─── Supplied material ───
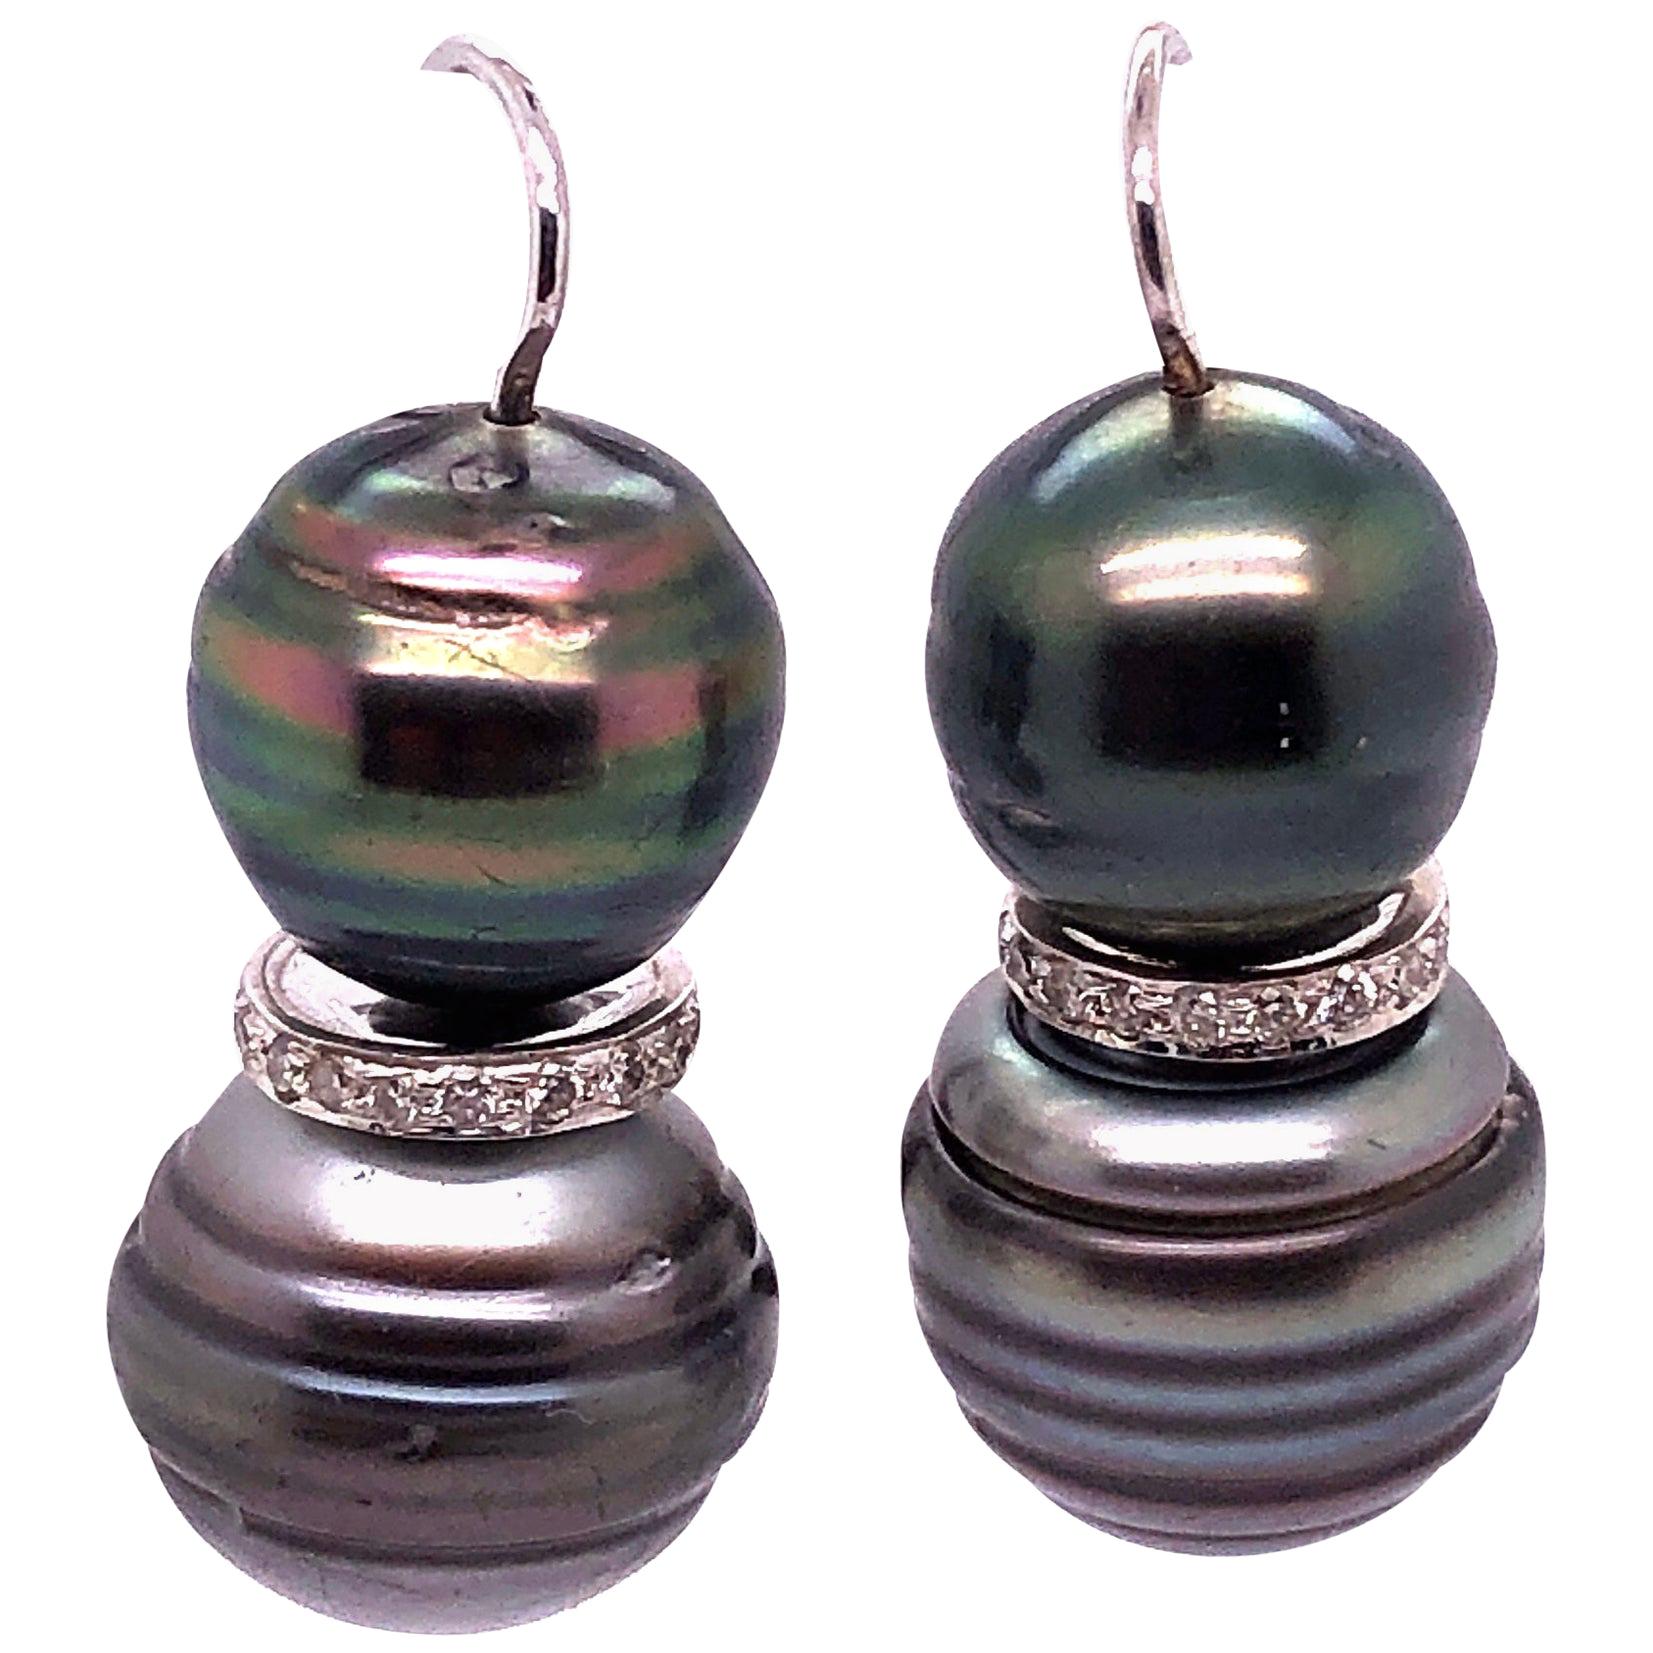 What do black pearls symbolize?
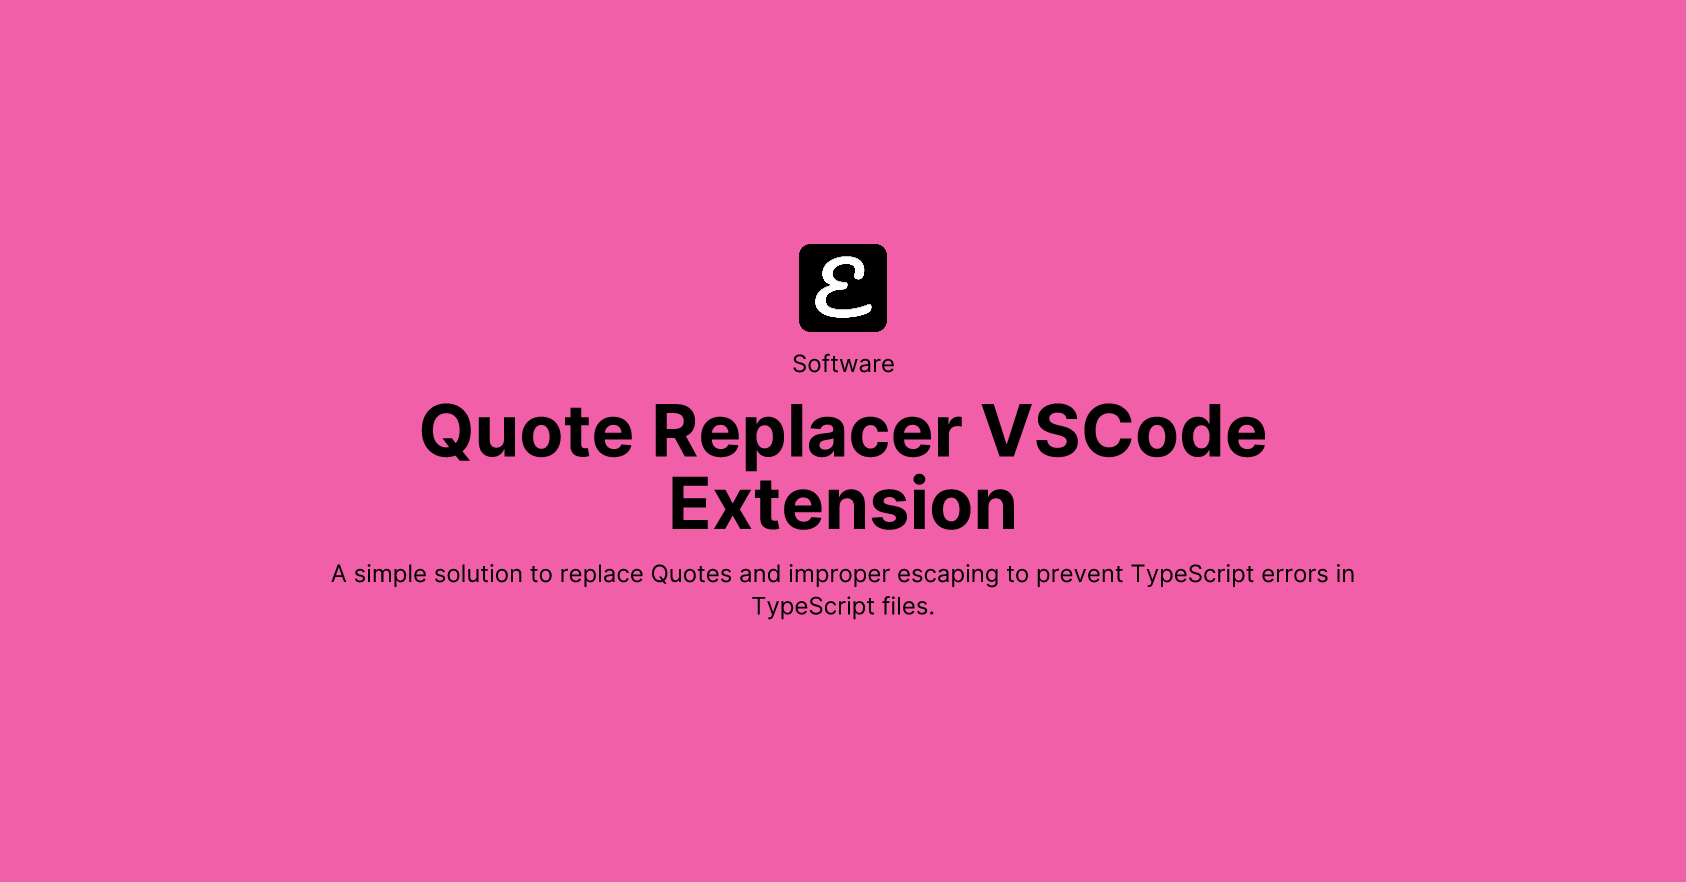 Quote Replacer VSCode Extension by Eric David Smith
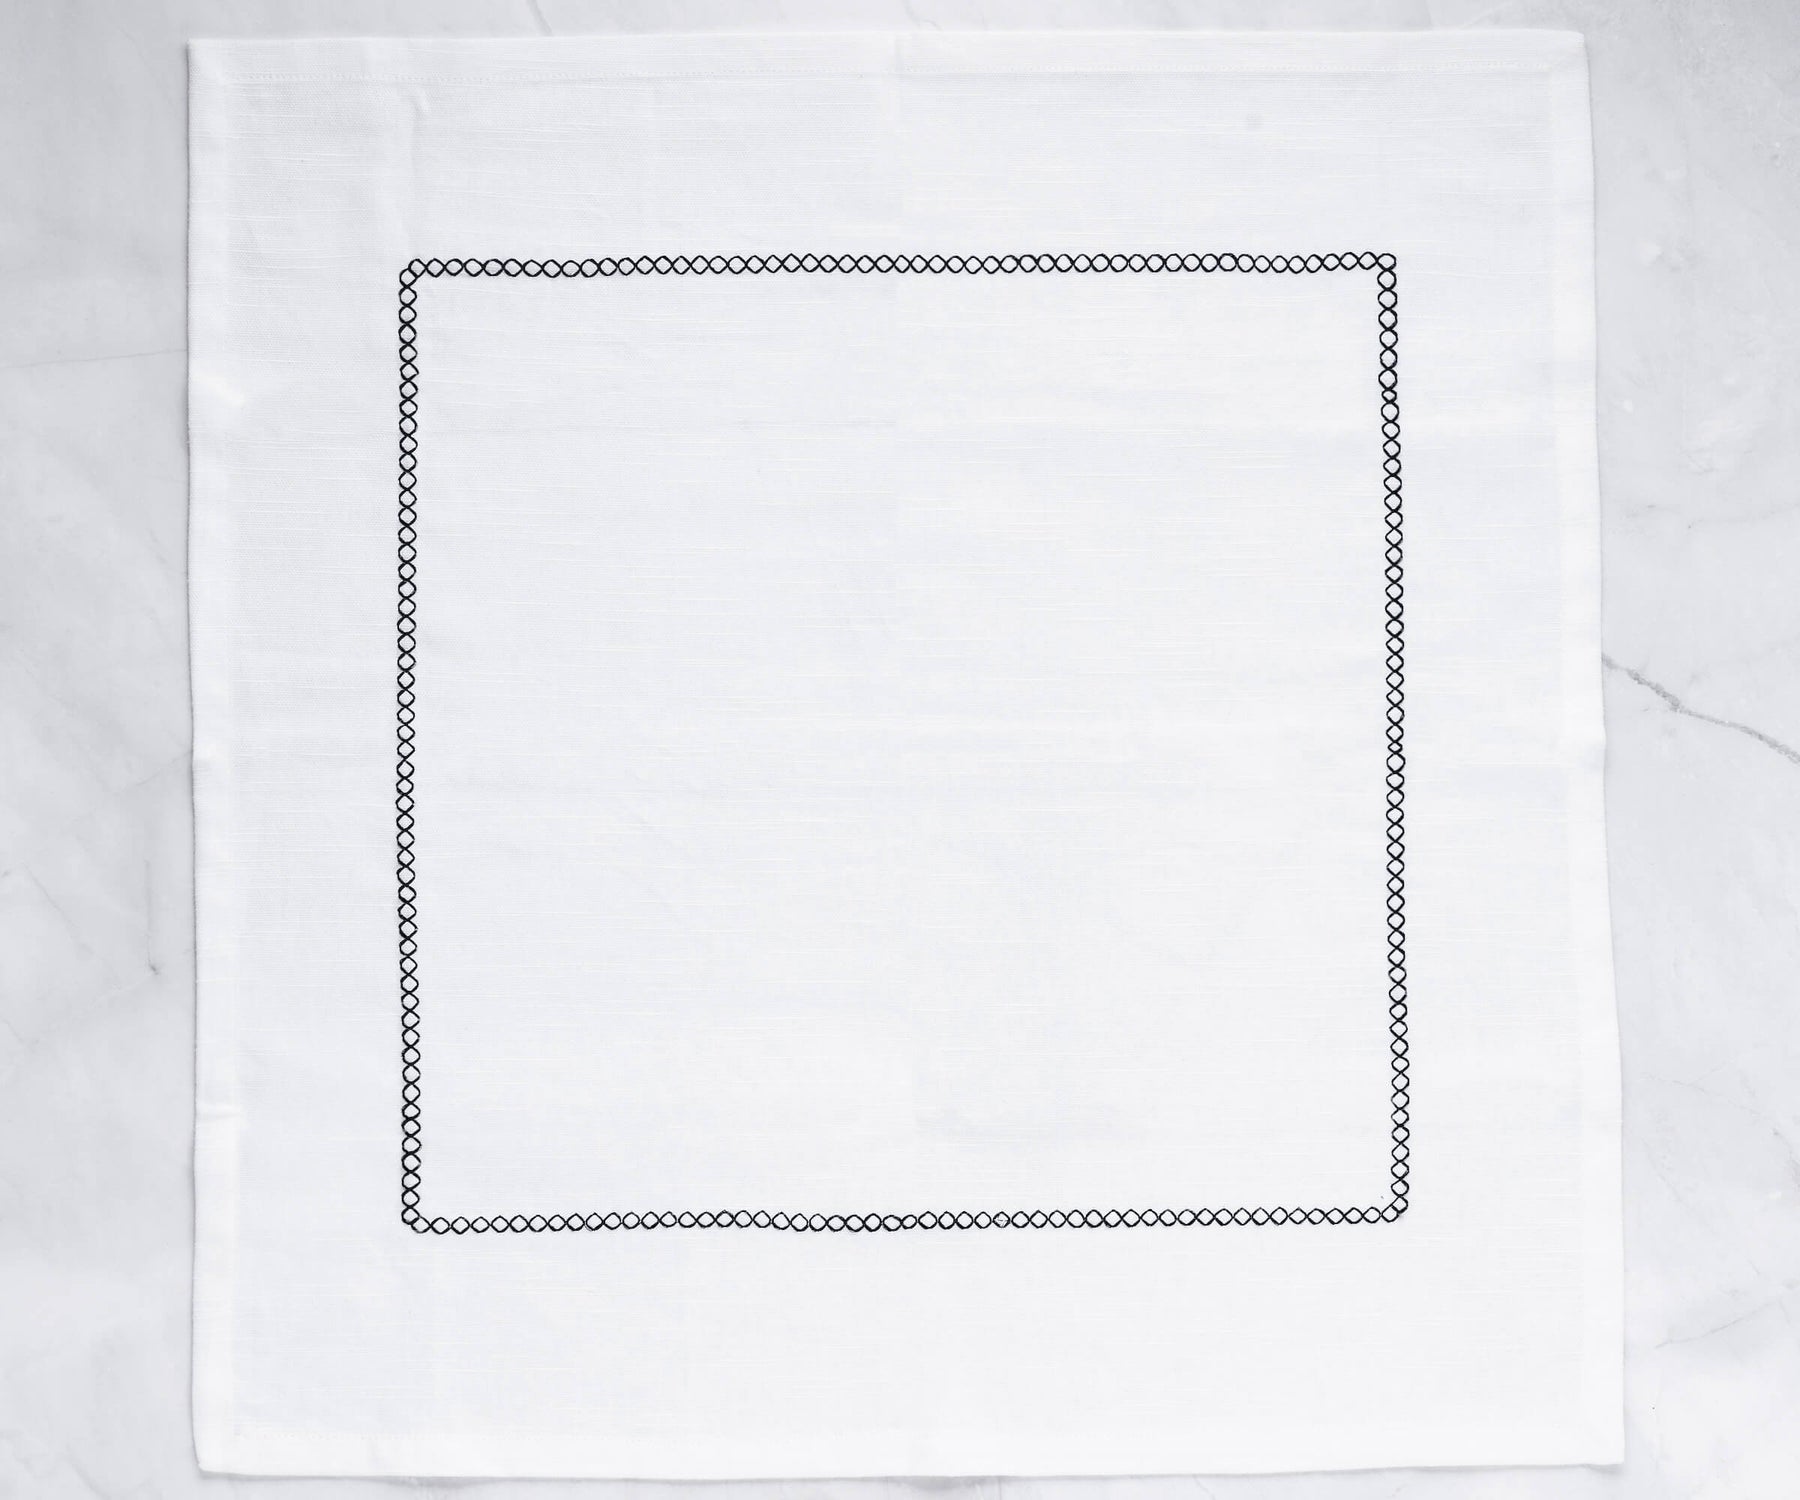 Napkins come in various sizes to suit different table settings and preferences.
───
Task details: Print the material again, unchanged, without its pictures.

Written answer:
 What do black pearls symbolize?
 Quote Replacer VSCode Extension by Eric David Smith
 Napkins come in various sizes to suit different table settings and preferences.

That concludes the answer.